I don’t think it is at all easy for people to know about all these things, but more importantly, I think it is difficult for people to be able to put a finger on their problems. It’s just not so easy.
Certainly very strict moral codes can help people from doing some things, even when they are unhappy. But a lot of people are really good at spouting the morally correct line on the outside and yet not behaving according to those rules in private. They’ll wonder at their behavior. “I’d never get involved with a married man/woman,” they say, even as they are getting involved. It’s as if it were beyond their power to stop themselves.
Of course, there is a huge cost for not answering questions like this the right way. People care deeply about their reputations, and so they act as if such a thing would never occur to them. I’m sure that for many people, that is true. I’m pretty sure that for others it is not true.
There are places on the internet where people who are unhappy in their relationships congregate to complain about things. Many just complain. Others take the next step.
There are an awful lot of unhappy people out there. These people seem trapped. They don’t want to give up their marriages. There are kids and houses and other relationships involved. But they are so unhappy that they are willing to do what they never believed they could or would do. It’s just not so easy to fix a marriage, nor to break up a marriage.

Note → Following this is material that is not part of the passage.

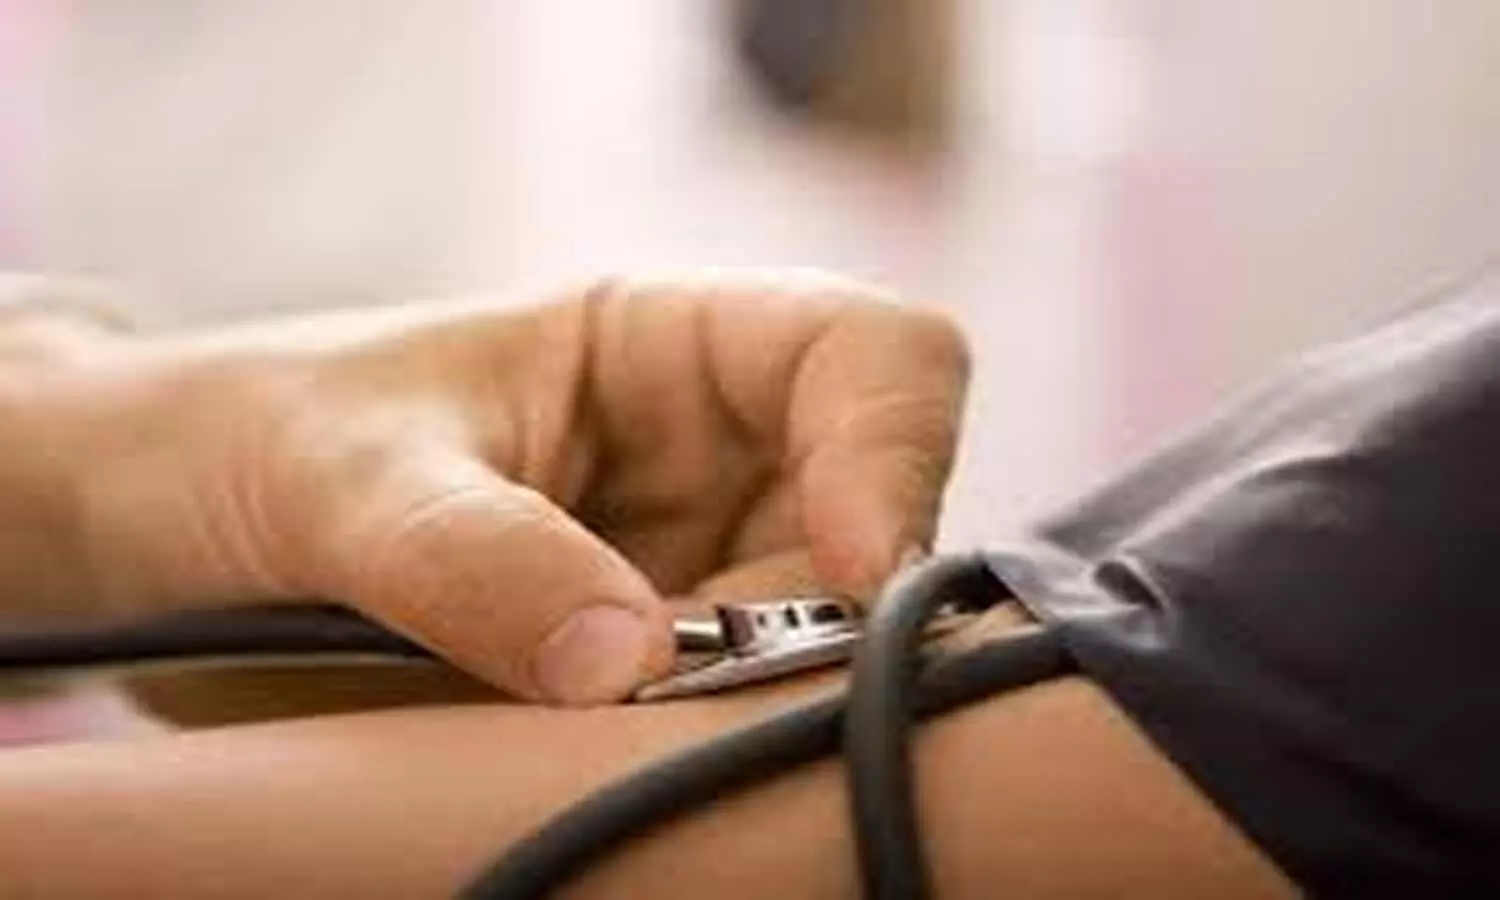 Both low and high testosterone levels in hypertension linked to higher CV risk: Study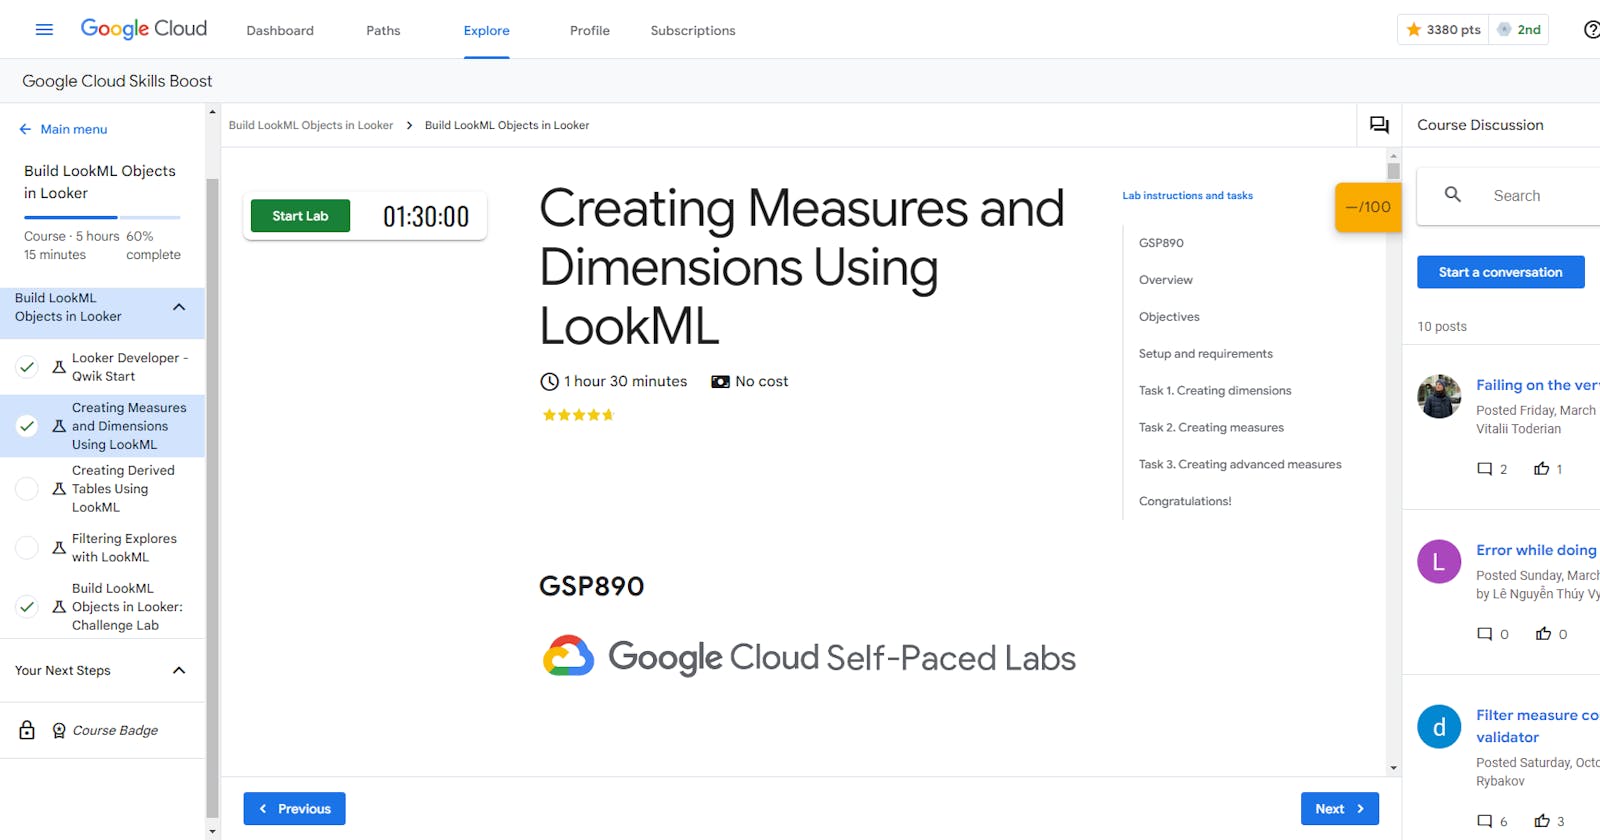 Creating Measures and Dimensions Using LookML - GSP890

When I was getting treated for infertility, my doctor told me that some extraordinarily high number of people are not related to their official father. I don’t remember the number now, but I think it was more than 10% and maybe as high as 20%. Married women are stepping out all the time! So are married men—but there’s less physical evidence of that.
Either the people of fluther are all very moral, or the people who have stepped out just aren’t answering this question because of the way others have answered it. I suppose it’s also a possibility that some people are lying, but I don’t think that is likely.
For the record, as I’ve said here before, I have gotten involved with other women while married. For the record, I don’t want to ever do that again. It did, however, spur my wife and I to find a way to fix some of the problems in our relationship. There are more to go. Some mine, and some hers, and some both of ours.
Which gets me to the thing a lot of people have brought up here: the question of whether you would ever trust someone who went out on their spouse to be with you. How can you believe they will remain faithful?
People make mistakes all the time. To say, “once a cheater, always a cheater,” is to say people can’t learn from their mistakes. Or it might be saying that cheating is innate. Nothing can be done about it. I don’t think anyone will take that latter position.
So either you believe people can learn, or you don’t. If they can learn, they can learn to work a relationship better so that serious unhappiness doesn’t arise again. So that they won’t feel a need to go outside the relationship again. Let me say this: if you don’t believe people can learn, and if you don’t believe trust can be re-established, then, wow! I hardly know what to say. It just seems like a really, really sad way to think about your fellow humans.